Example: API-level behavior

def test_create_control_returns_id(client: TestClient) -> None:
    # Given: a valid control payload
    payload = {"name": "pii-protection"}

    # When: creating the control via the public API
    response = client.put("/api/v1/controls", json=payload)

    # Then: the response contains the control id
    assert response.status_code == 200
    assert "control_id" in response.json()

Example: SDK-level behavior

async def test_sdk_denies_on_local_control() -> None:
    # Given: an SDK client and a local deny control
    client = AgentControlClient(base_url="http://localhost:8000")
    controls = [{"execution": "sdk", "action": {"decision": "deny"}, ...}]

    # When: evaluating via the SDK public API
    result = await check_evaluation_with_local(
        client=client,
        agent_name="demo-agent",
        step=Step(type="tool", name="db_query", input={"sql": "SELECT 1"}, output=None),
        stage="pre",
        controls=controls,
    )

    # Then: the evaluation is unsafe
    assert result.is_safe is False

Setup guidance

  • Prefer creating records via public endpoints rather than writing DB rows directly.
  • Prefer invoking behavior via public entrypoints.
  • Avoid asserting on internal or private fields unless they are part of the contract.

Specific guidance:

  • Server: use HTTP endpoints when practical. The service layer is internal.
  • SDK: use symbols exported from sdks/python/src/agent_control/__init__.py.
  • Database seeding: direct row insertion is acceptable for migration tests, otherwise prefer public setup flows.

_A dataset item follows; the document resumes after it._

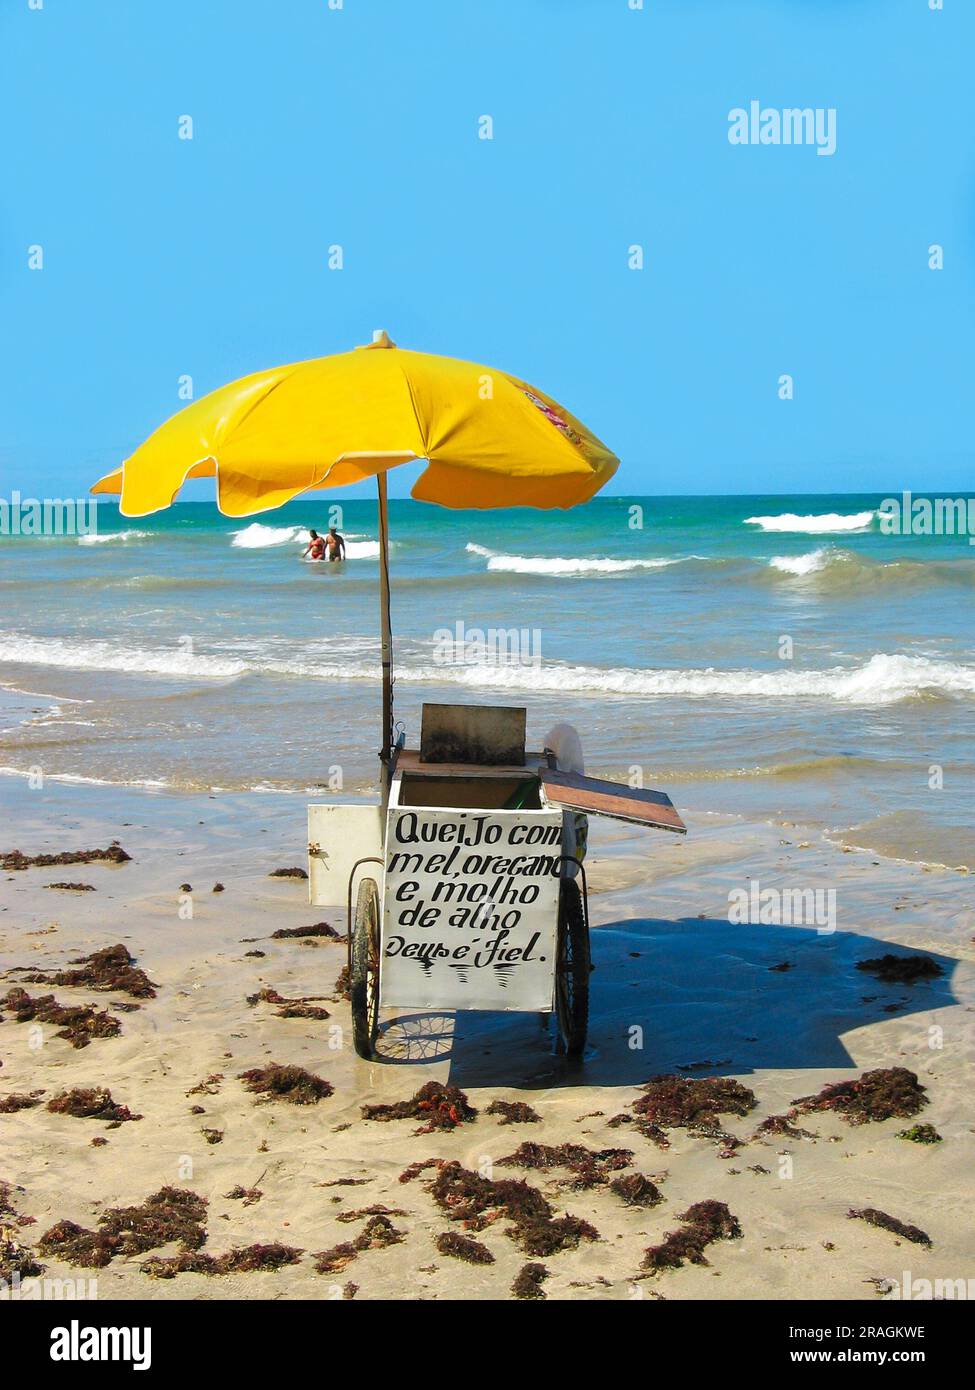 Beach in Brazil, yellow parasol beach troley. / Text in Portuguese 'Queijo com mel, oregano e molho de alho Deus e fiel'  (English: Cheese with honey, Stock Photo

Evaluator-specific expectations

When adding or changing evaluators, tests should cover at least these three cases:

  1. Null or empty input: returns matched=False and no error.
  2. Normal evaluation: returns the correct matched result for the configured threshold or predicate.
  3. Infrastructure failure: returns matched=False with error set, unless the evaluator intentionally uses a different documented error policy.

Additional evaluator rules worth testing when relevant:

  • error is for infrastructure failures, not normal evaluation outcomes.
  • Evaluators are reused across concurrent requests, so avoid request-scoped state on self.
  • Pre-compiled patterns, timeout handling, and async boundaries should be covered when they are part of the evaluator behavior.

Running tests

Prefer Makefile targets when available:

  • All tests: make test
  • All checks: make check
  • Server tests: make server-test
  • Engine tests: make engine-test
  • SDK tests: make sdk-test

If there is no Makefile target for the task, run the underlying command directly.

Package-specific notes:

  • Server tests use the configured test database in server/Makefile.
  • SDK tests start a local server and wait on /health.
  • Models tests currently run directly from the models/ package.

Practical defaults

  • New behavior should come with a focused test.
  • Bug fixes should include a regression test when practical.
  • Prefer small, specific test fixtures over broad shared setup.
  • Keep tests deterministic. Avoid timing-sensitive assertions and unnecessary sleeps.
  • When changing shared contracts in models/, expect corresponding server and SDK test updates.